Сержант легко настиг его у самой кромки воды и сбил с ног. Он бил Никона своим легендарным стеком, ненавистным всем курсантам. Было больно, конечно же, больно и унизительно… но — никакого членовредительства! Ха-ха-ха, никаких травм, упаси Господь! Компания «T&Military» говорит тебе: «Be a man!» — и неустанно, неусыпно заботится о Вас и о Вашем самочувствии!
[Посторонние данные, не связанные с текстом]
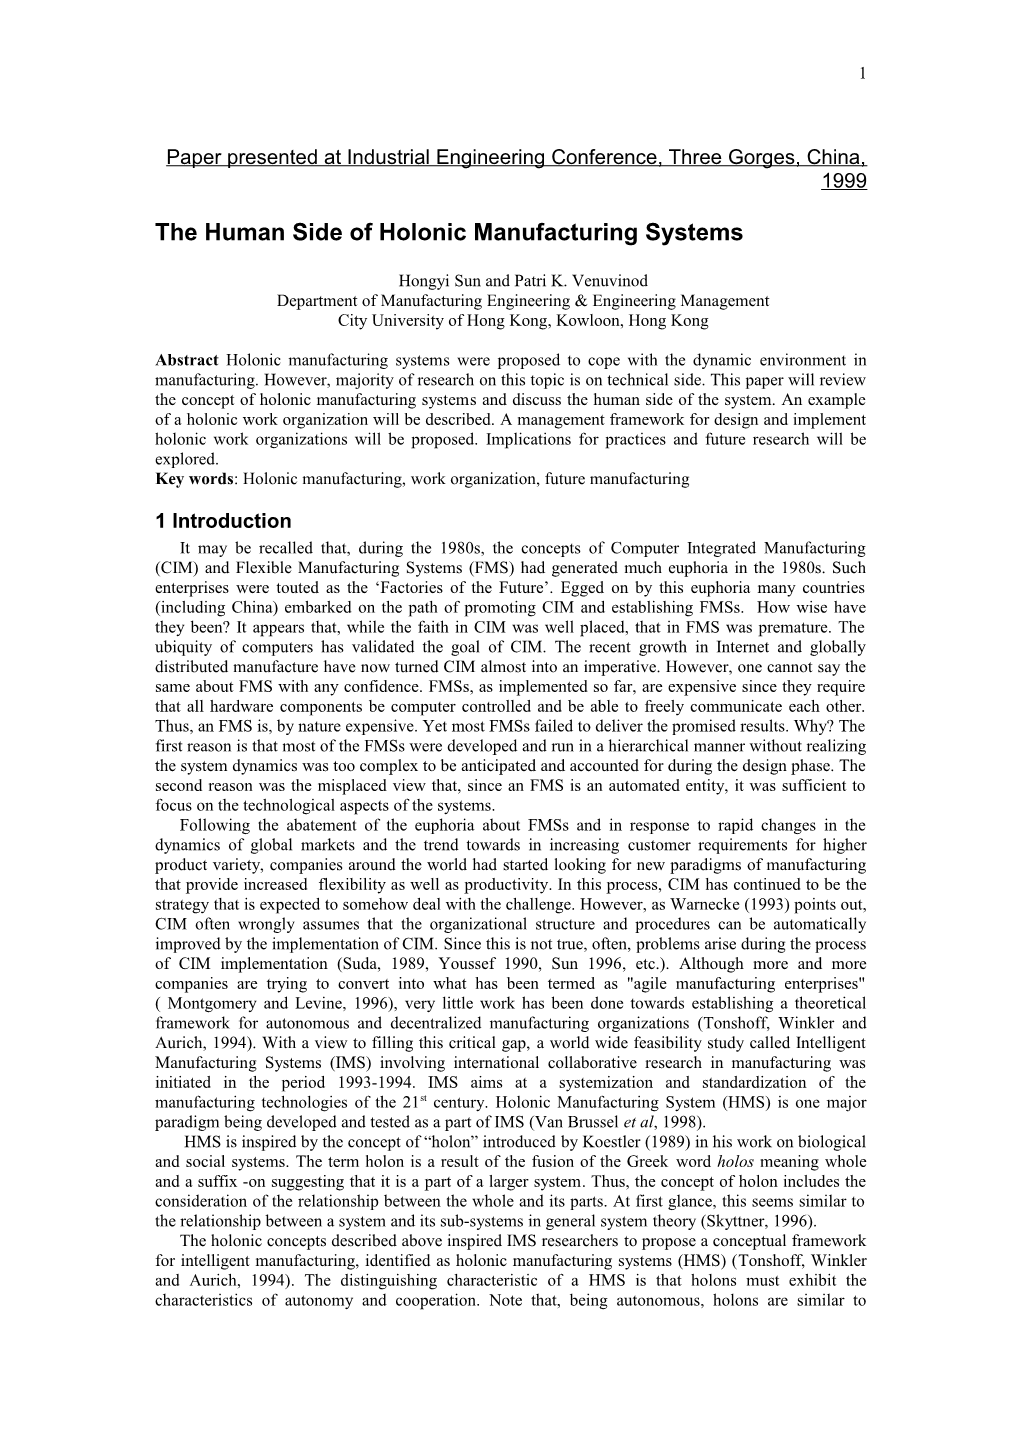 Human Side of Holonic Manufacturing System
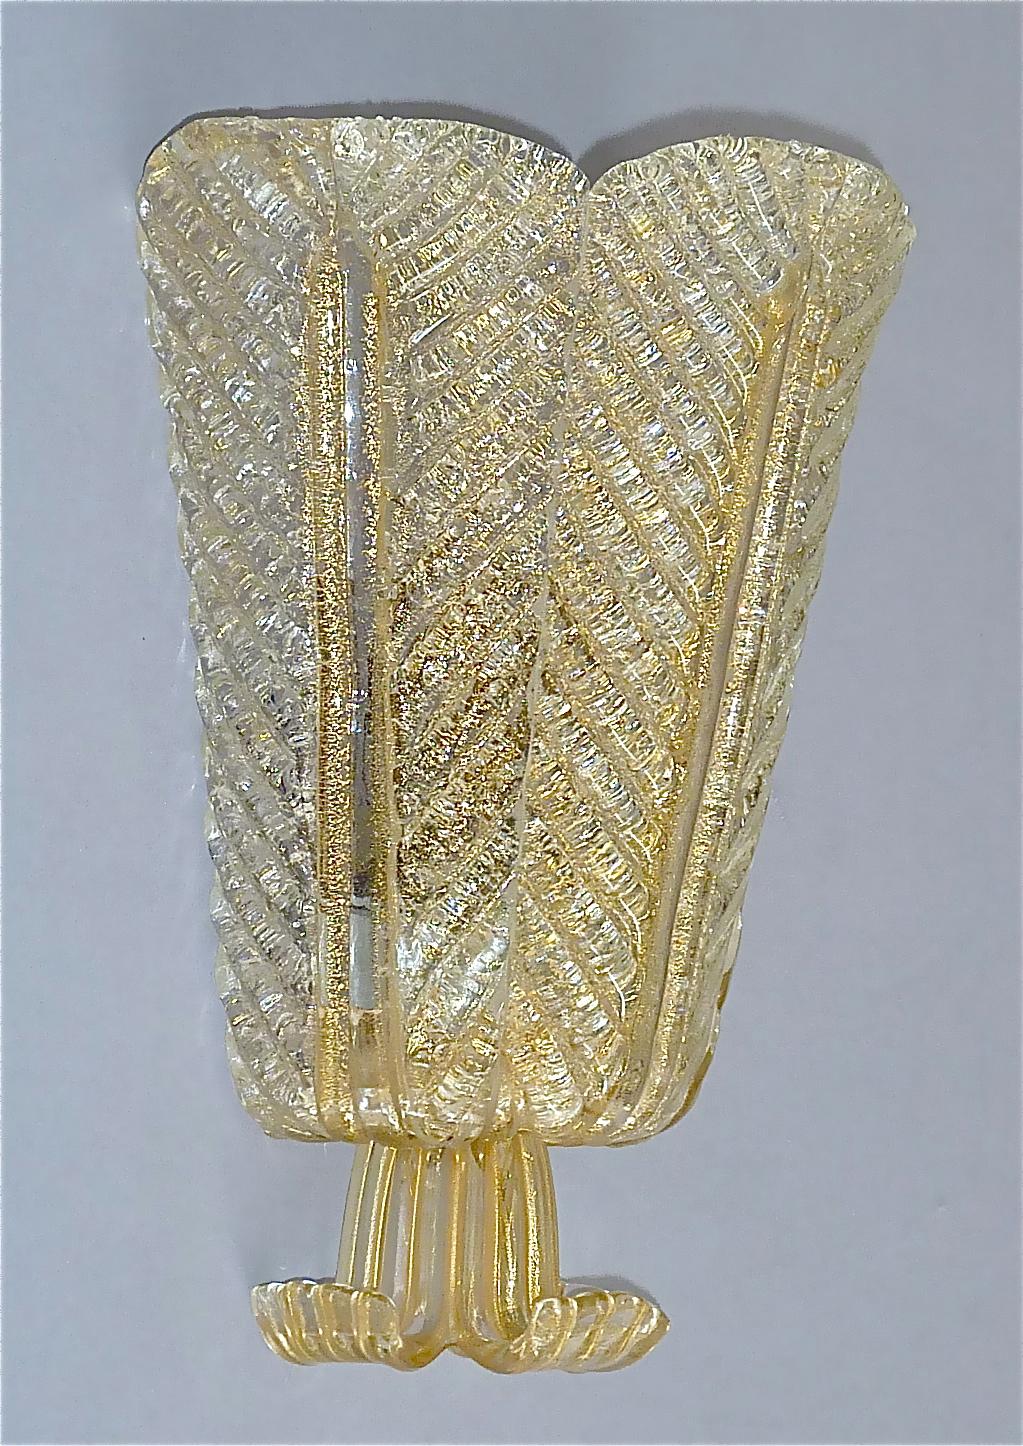 Rare Ercole Barovier Toso Flower Leaf Sconce Lamp Gold Murano Glass Art Deco For Sale 12
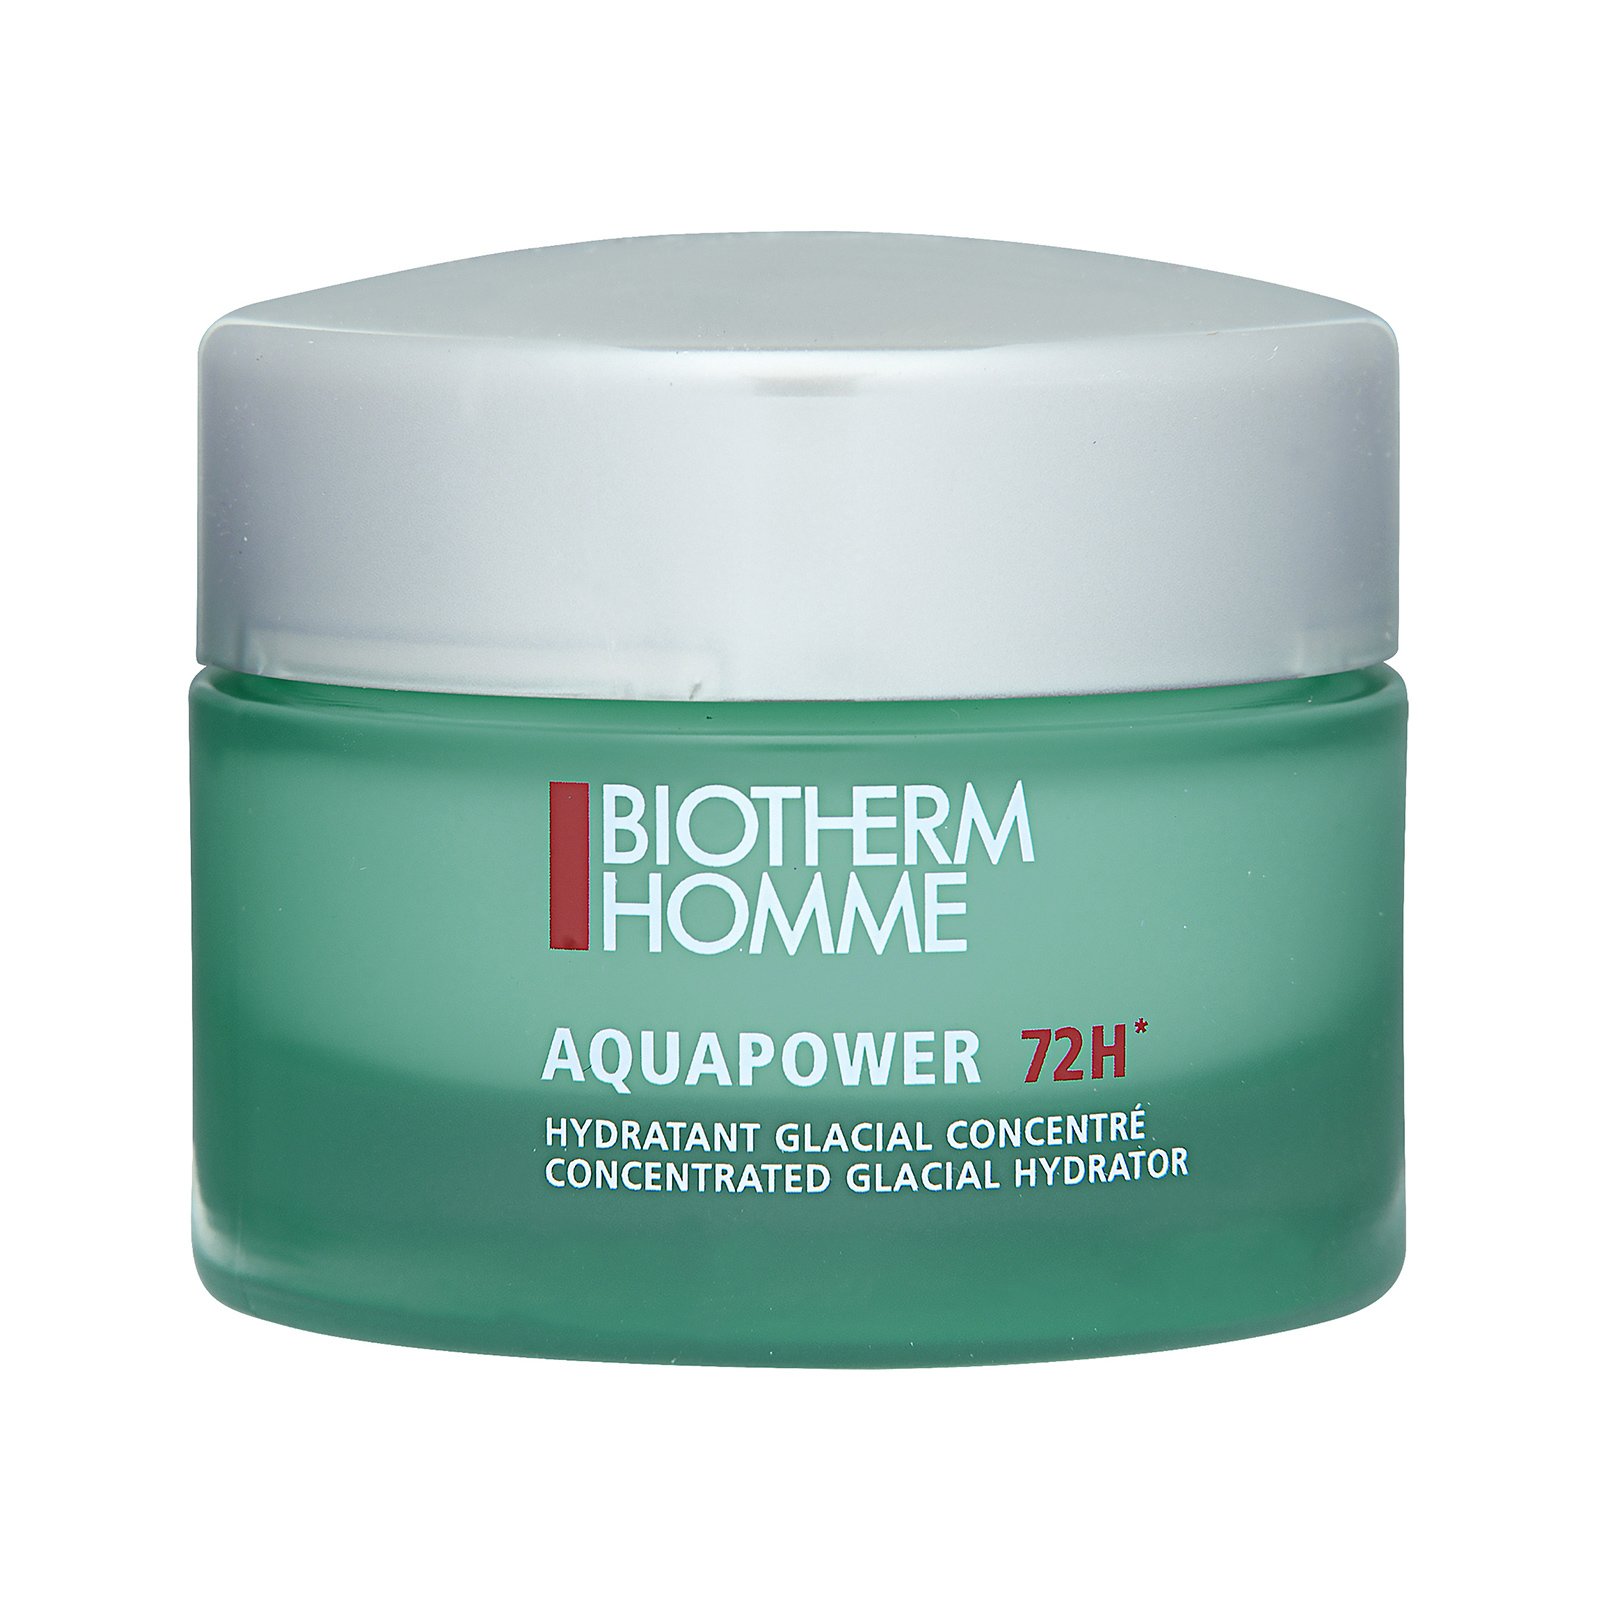 Homme AquaPower 72 H Concentrated Glacial Hydrator

В первый, — или это был второй? — день он пытался не подчиниться — порка продолжалась методично и неустанно, пока он не вскакивал на трясущиеся ноги и не выполнял «норматив часа»… почему Господь не даровал ему слабое сердце, чтобы заработать себе микроинфаркт? Именно в тот день Никон попытался удариться виском о камень. Если потеря сознания при этом будет достаточно глубокой — Сержант вынужден будет вызвать группу поддержки… ох, и перепугается же эта распальцованная Свинья из Ангара! Но через три кошмарных дня инструктор, он же Свинья-Из-Прохладного-Ангара, повис в петле прямо перед пультами, обдуваемый лёгким ветерком кондиционера. Перед тем, как повеситься, он несколько часов пьяно орал курсантам всякие гадости. Его хорошо видно в застеклённые окна.

Никон слабо усмехнулся. Усмешка вышла едкой, как кислота. Именно в этот день умер первый из курсантов, кличка Ползунок. Группа даже не успела с ним толком познакомиться. Везунчик, что и говорить. У него и вид-то был вечного везунчика. Гладкий такой… даже и не жирный. Наверняка он катался на горных лыжах, баловался альпинизмом и дайвингом — и чем там ещё может развлекать себя успешный менеджер… а сердчишко — бац! — и отказало. Удачно Ползунок помер — на небольшом пригорке, где его кости постепенно отчистят жучки, сухопутные крабы, и выбелят солнце и океанский ветер. Равнодушный спутник слежения наверняка давно идентифицировал цель, послал соответствующее сообщение и продолжил свой размеренный полёт над несчастной Землёй. Да, компания не зря потратила свои деньги на него!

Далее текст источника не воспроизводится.